More and more research projects are investigating scientific questions using ancient DNA (aDNA). Many of the available methods and pipelines for the analysis of aDNA sequencing data are difficult in application and require complex configuration and manual assembly of analysis tools. Especially with modern sequencing technology at hand, larger and more datasets are created, which require methods for the efficient and scalable analysis of such kinds of data. To address these challenges, we introduce the EAGER pipeline.
EAGER provides state-of-the-art methods to perform quality control, mapping, authentication, contamination estimation and genotyping of NGS data in an accessible manner. Our pipeline incorporates several new methods for paired-end read merging, improved duplication removal and mapping that are specifically tailored to improve the analysis output for aDNA projects. Users are provided with a graphical user interface (GUI) to configure the pipeline, hiding much of the complexity of the analytical processes. The complete pipeline is distributed as a Docker image, thus there is no requirement to install all the underlying tools independently. All the required methods and tools are provided within a single image to the end user. To further increase the usability of the pipeline, users are provided with automatically generated extensive reports of their analysis runs. These include important analysis statistics in Excel compatible formats, making the assessment of whole-genome sequencing runs very easy.

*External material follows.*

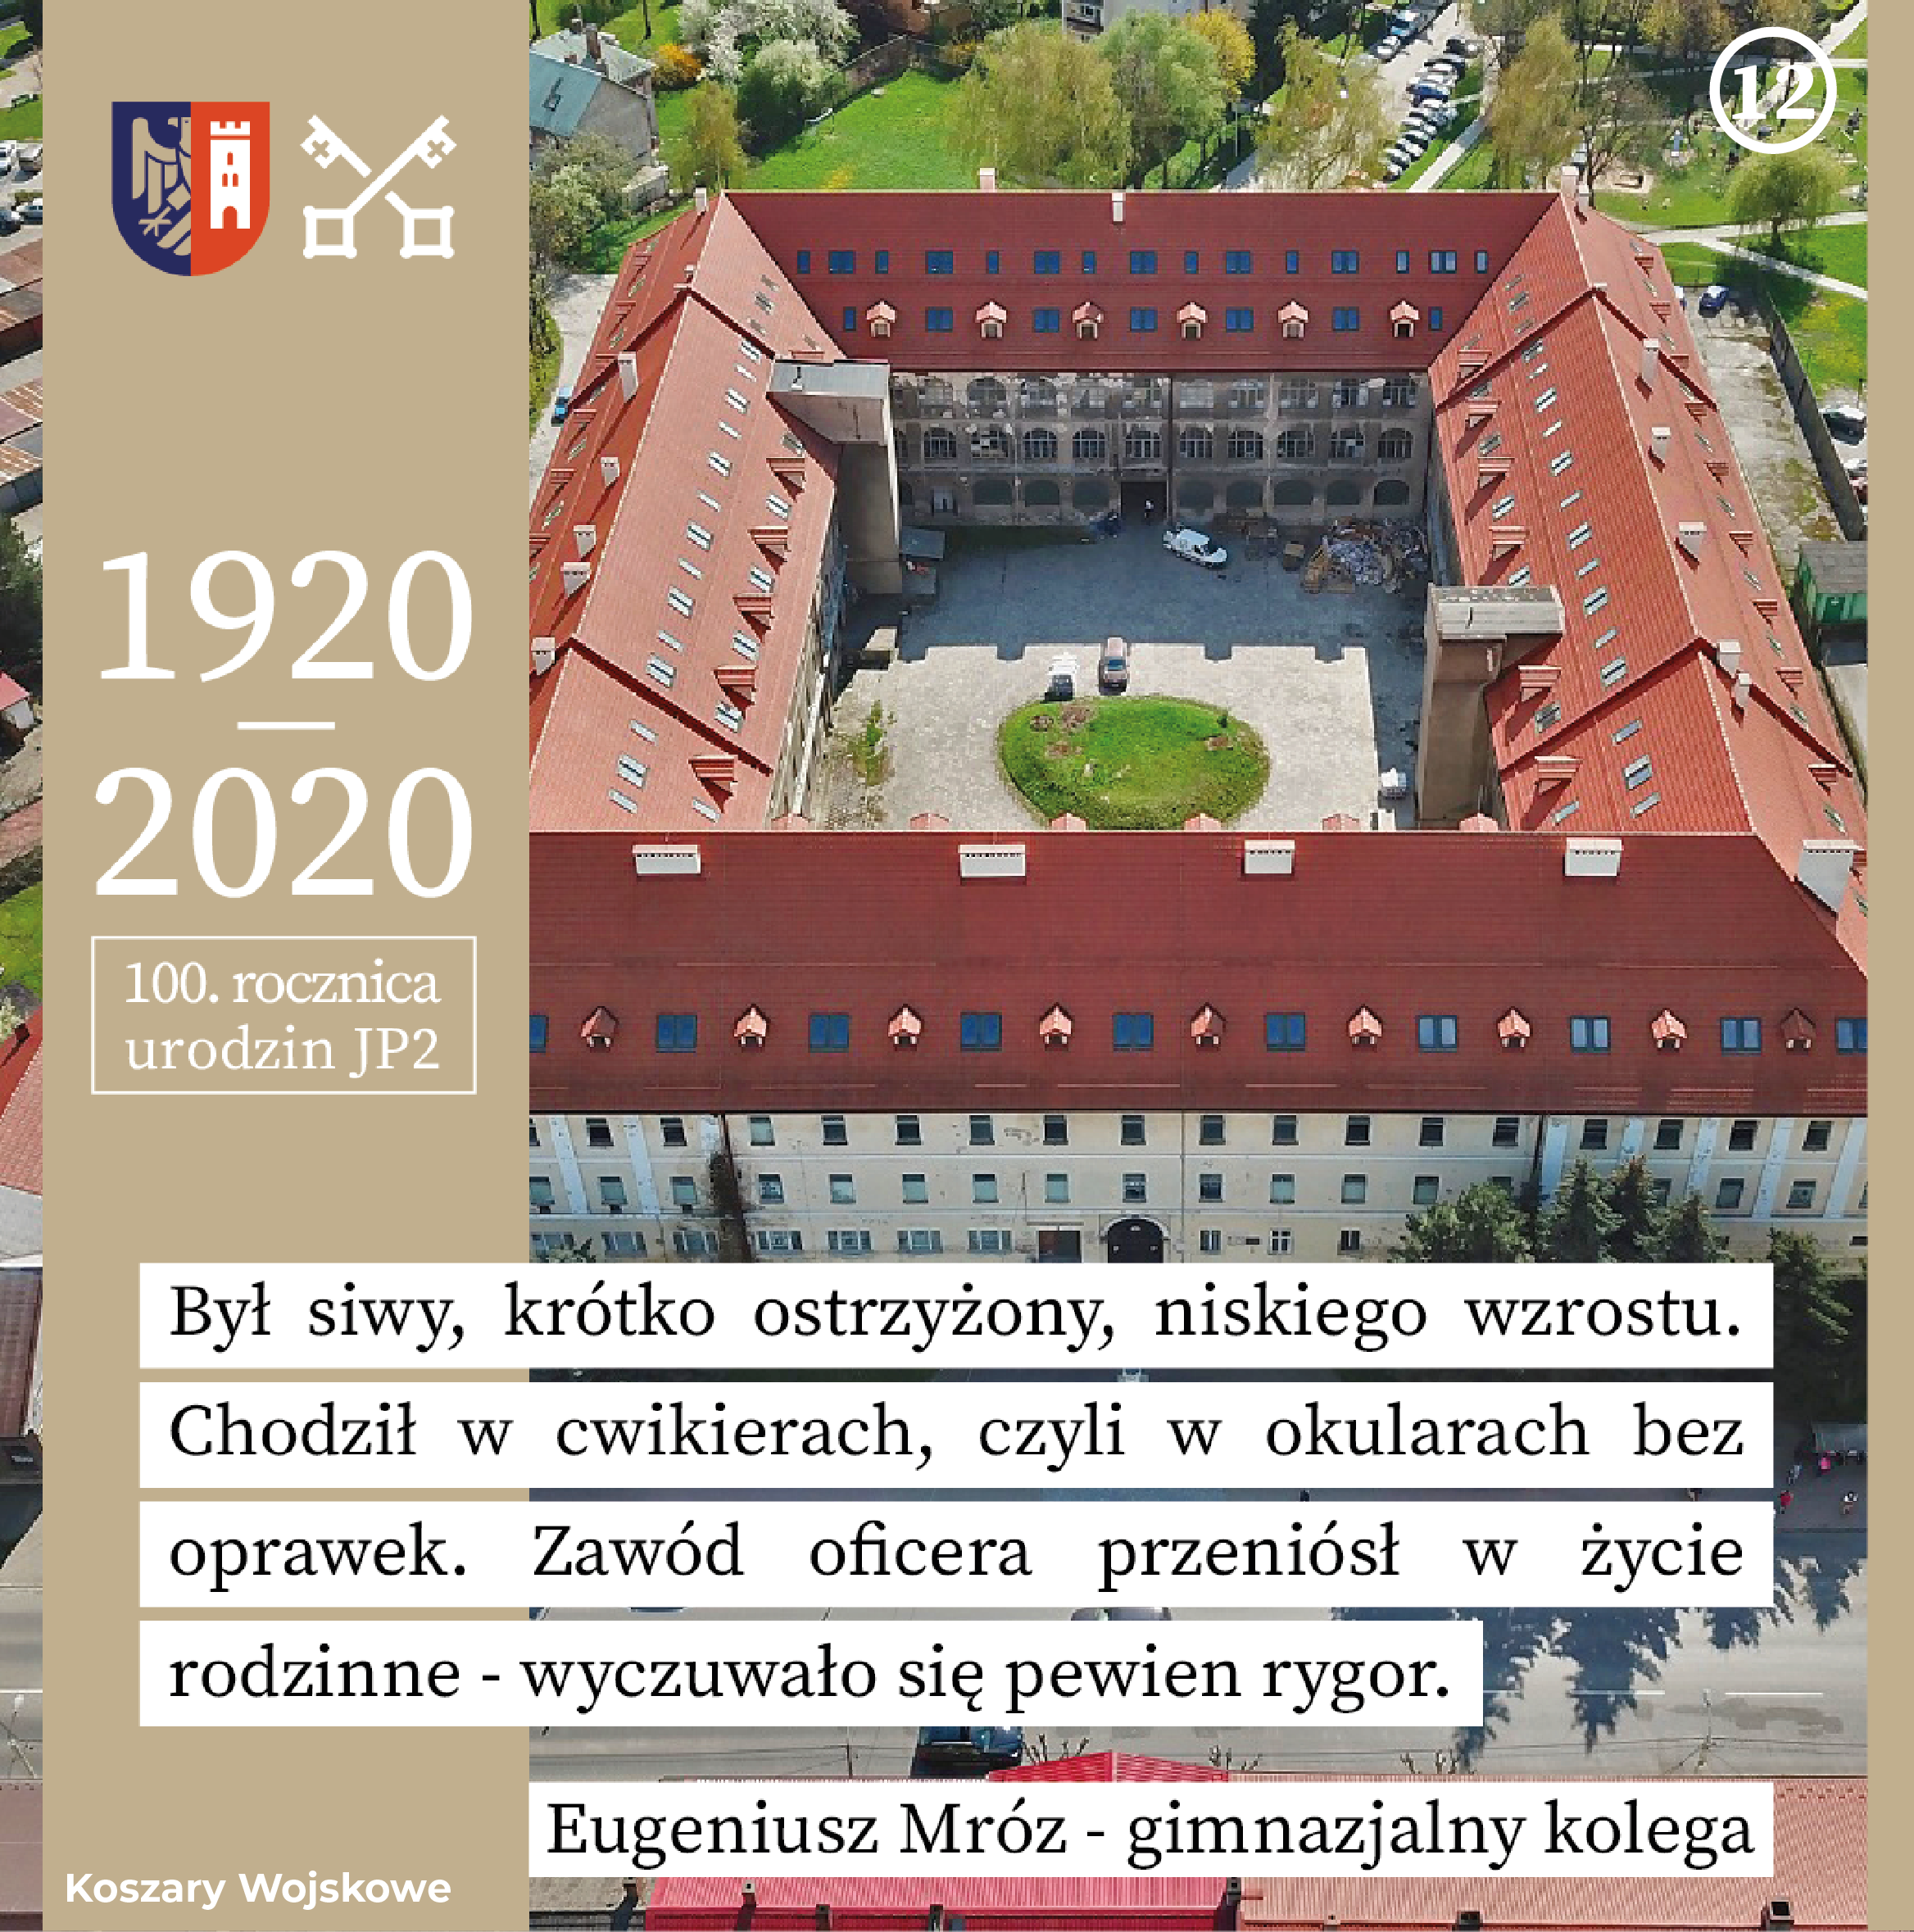 grafika ze zdjęciem dawnych koszar wojskowych w Wadowicach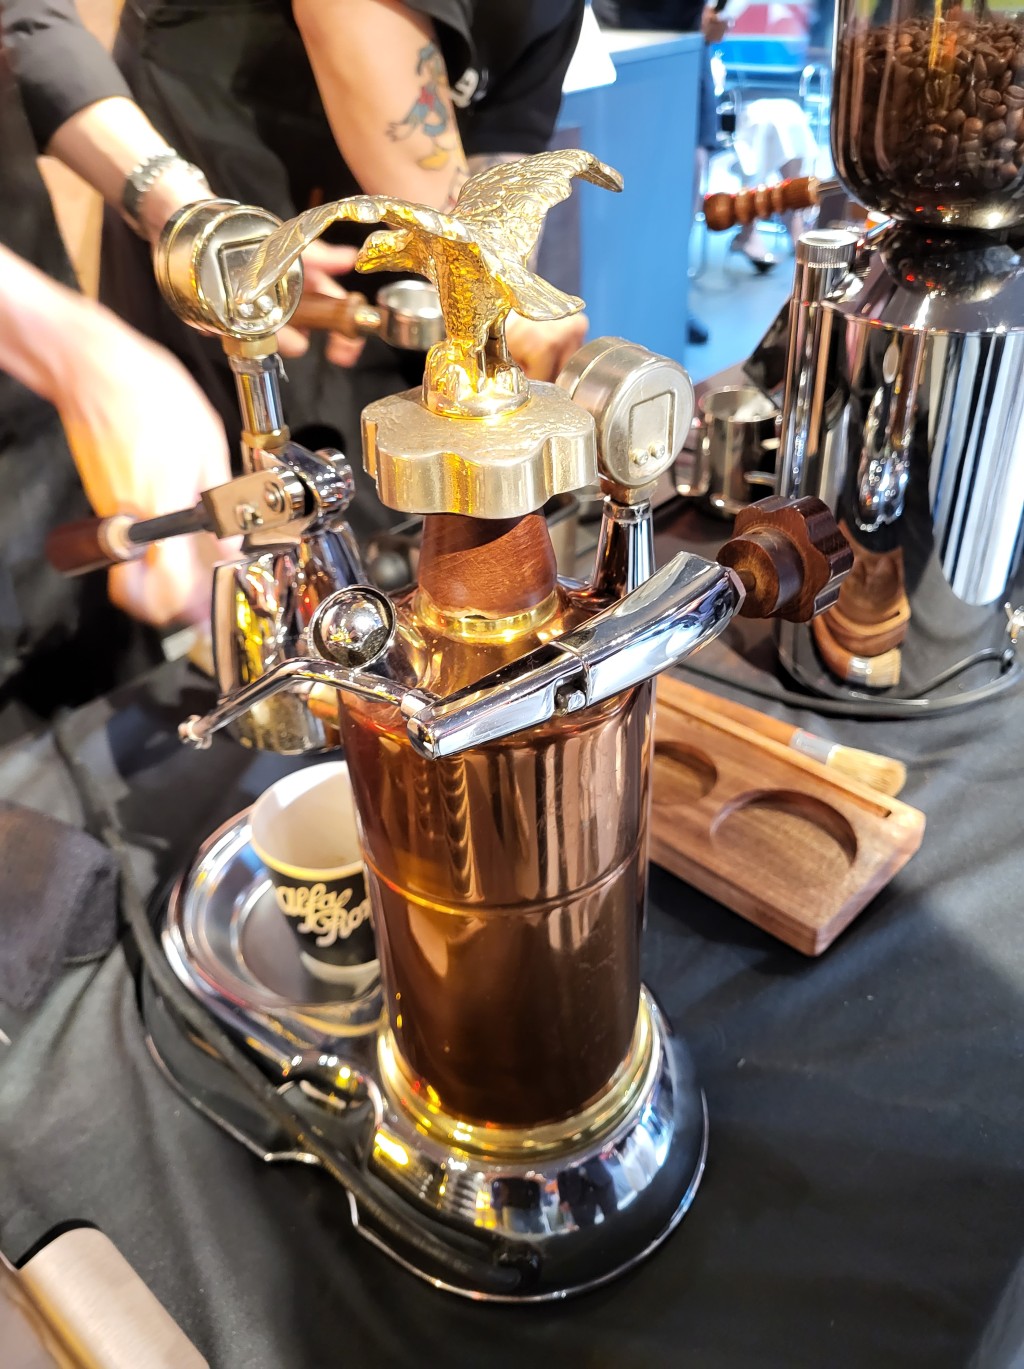 全新Tonale發布會現場提供意大利手工沖壓咖啡供客人享用。

We have successfully utilized the pipeline in several projects for both bacterial and human genetic data. EAGER can reconstruct the genome of an ancient human aDNA dataset of ~100GB in size in less than one week. The pipeline is provided to the public on GitHub and our webpage.
EAGER can provide a well-defined standard for aDNA analysis, specifically incorporating the needs of labs with limited bioinformatics resources, additionally minimizing both administrative and installation effort for users.